In exercising its discretion, the trial court must remain mindful of the parameters placed on a bill of particulars. Though it may provide more information, a bill of particulars is not intended to serve as a discovery device or to compel the government's disclosure of the factual proof planned for trial. Dunn, 841 F.2d at 1029. A defendant is not entitled to notice of "all the evidence the government intends to produce, but only the theory of the government's case." United States v. Levine, 983 F.2d 165, 167 (10th Cir. 1992). Nor is it a way to require the government's explanation of the legal theories expected at trial. United States v. Gabriel, 715 F.2d 1447, 1449 (10th Cir. 1983). Evidentiary detail is not a proper request for a bill of particulars. United States v. Barbieri, 614 F.2d 715, 719 (10th Cir. 1980). A bill of particulars is also not required where the information necessary for one's defense can be obtained through some other satisfactory form. See United States v. Kunzman, 54 F.3d 1522, 1526 (10th Cir. 1995). Generally, "[a] bill of particulars is not necessary if the indictment sets forth the elements of the offense and sufficiently apprise[s] the defendant of the charges to enable him to prepare for trial." Levine, 983 F.2d at 167.

2. Application

Defendant argues that in his case, "where over 126,000 items of discovery have been produced disclosing evidence to be offered against sixteen named defendants in diverse charges, a bill of particulars is an essential vehicle for case preparation." (Doc. # 239 at 11.)

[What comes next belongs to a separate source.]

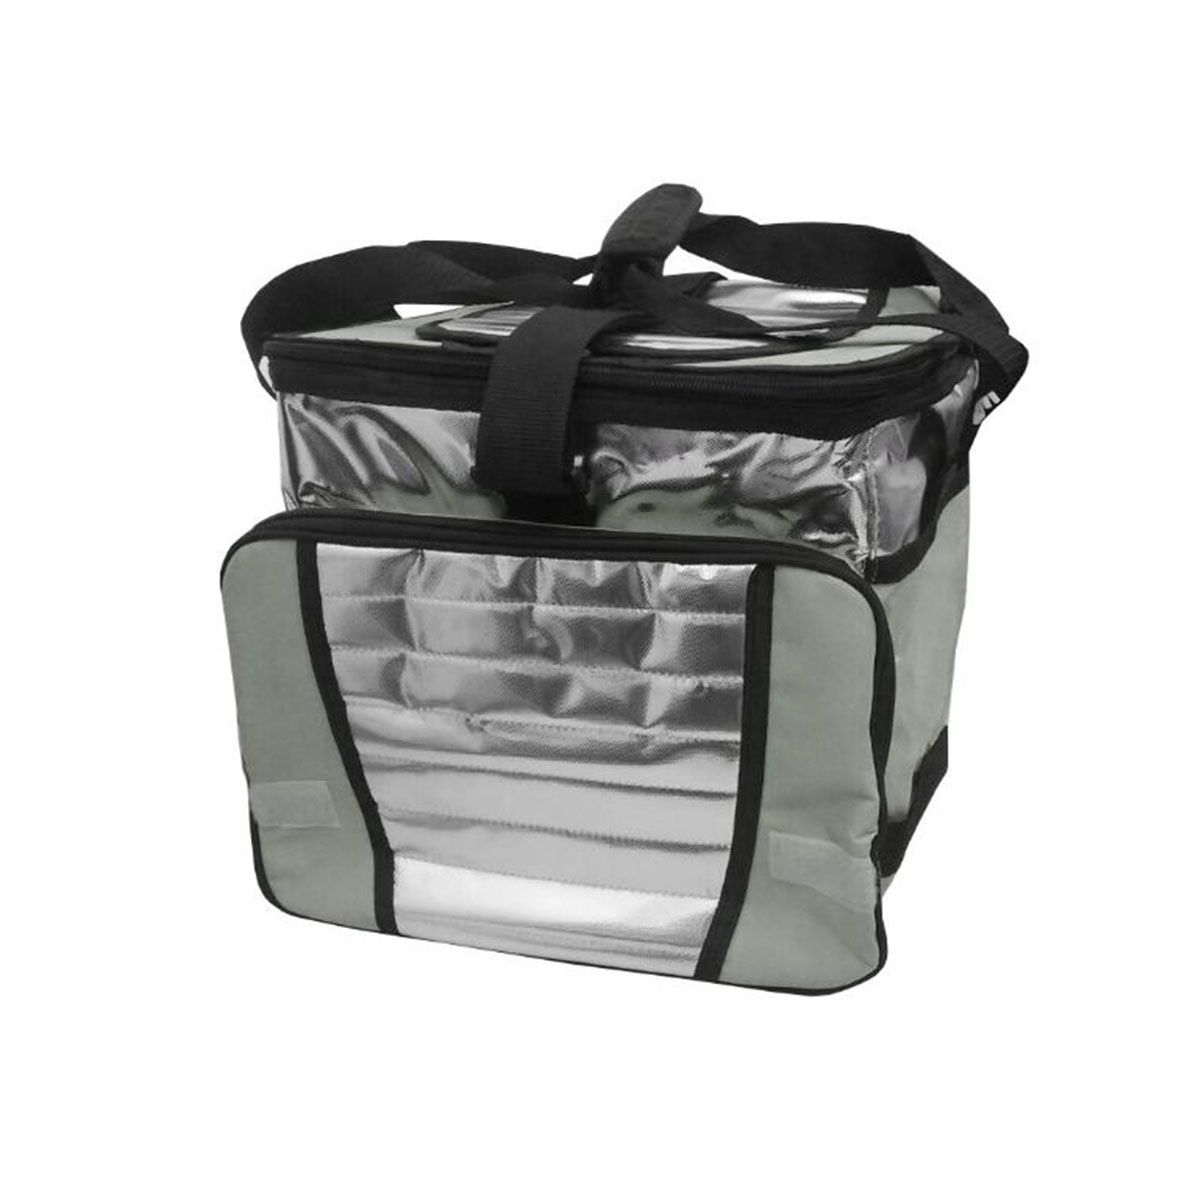 Bolsa Térmica Mor Ice Cooler 24 Litros Cinza - 1 Divisória

Defendant fails to establish how denying his request for a bill of particulars would result the preclusion of an opportunity for meaningful defense preparation, in prejudicial surprise, or double jeopardy problems. See Anderson, 31 F. Supp. 2d at 938. For the reasons described above, the Court finds that the Indictment is sufficient to inform Defendant of the charges against him and sets forth the elements of each of the three offenses with which he is charged. Moreover, Defendant acknowledges that the Government has provided him voluminous discovery in this case. To the extent that Defendant argues the Government has provided too much discovery, the argument fails. Pursuant to well-established Tenth Circuit law, once the Government provides "complete discovery containing sufficient information to allow [the defendant] to prepare [his] defense," it thereby provides him with "the tools necessary to anticipate and forestall any surprise that might have resulted from the indictment." United States v. Ivy, 83 F.3d 1266, 1282 (10th Cir. 1996). It is thereafter the defendant's "responsibility to use [those tools] in preparing [his] defense, regardless of whether the discovery [is] copious and the preparation of the defense [is] difficult." Id; United States v. Serrano-Serrano, No. 2:16-CR-56-RJS-PMW, 2016 WL 7217632, at *2 (D. Utah Dec. 13, 2016).

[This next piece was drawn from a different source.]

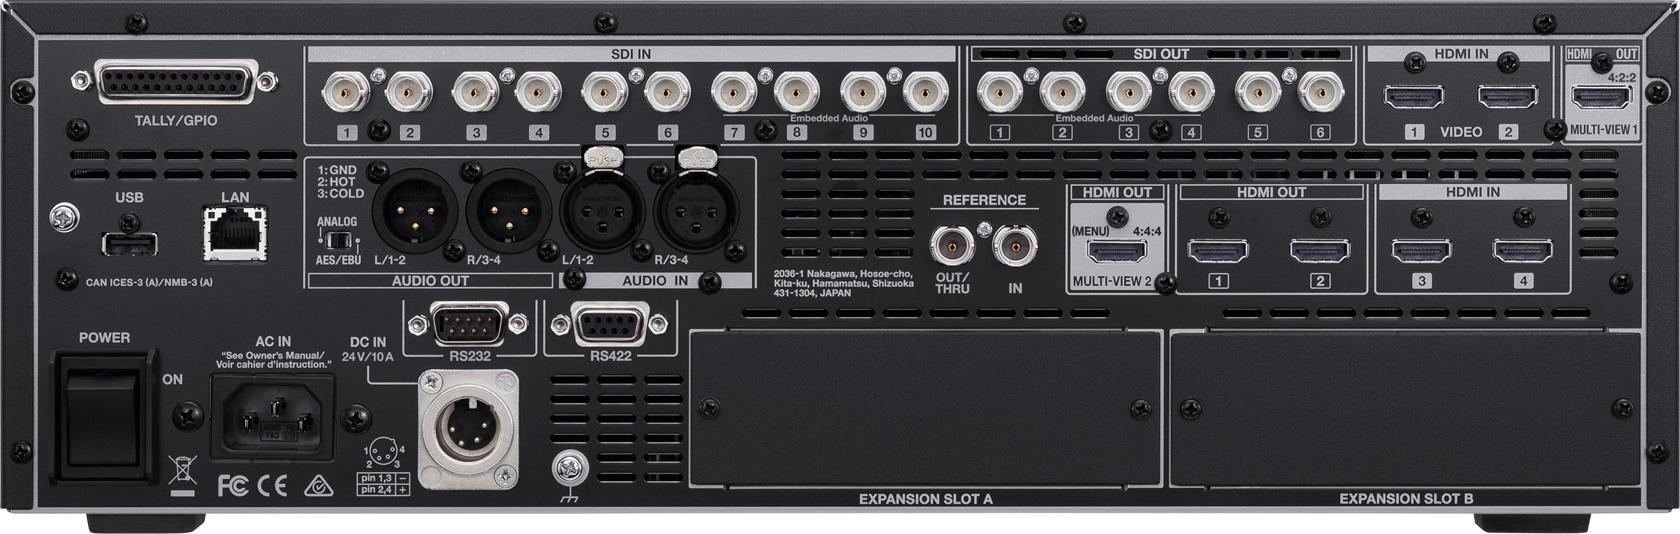 V-1200HD - News

The Court is accordingly satisfied that the information contained in Counts One, Ten, and Eleven of the Indictment meets the minimal due process standards such that no bill of particulars is warranted.

III. CONCLUSION

For the foregoing reasons, the Court DENIES Defendant Jose Santiago-Mesinas's Motion to Dismiss or, in the Alternative, for a Bill of Particulars. (Doc. # 239.)

FootNotes


1. Defendant's Motion for Pretrial Disclosure of Statements and Admissions to be Offered under Rule 801(d), Any Known Prior Inconsistent Statements of a Declarant-Witness Under Rule 801(d)(1)(A), and to Order James Hearing (Doc. # 241) is ripe for the Court's review. The Court will address that Motion in due time.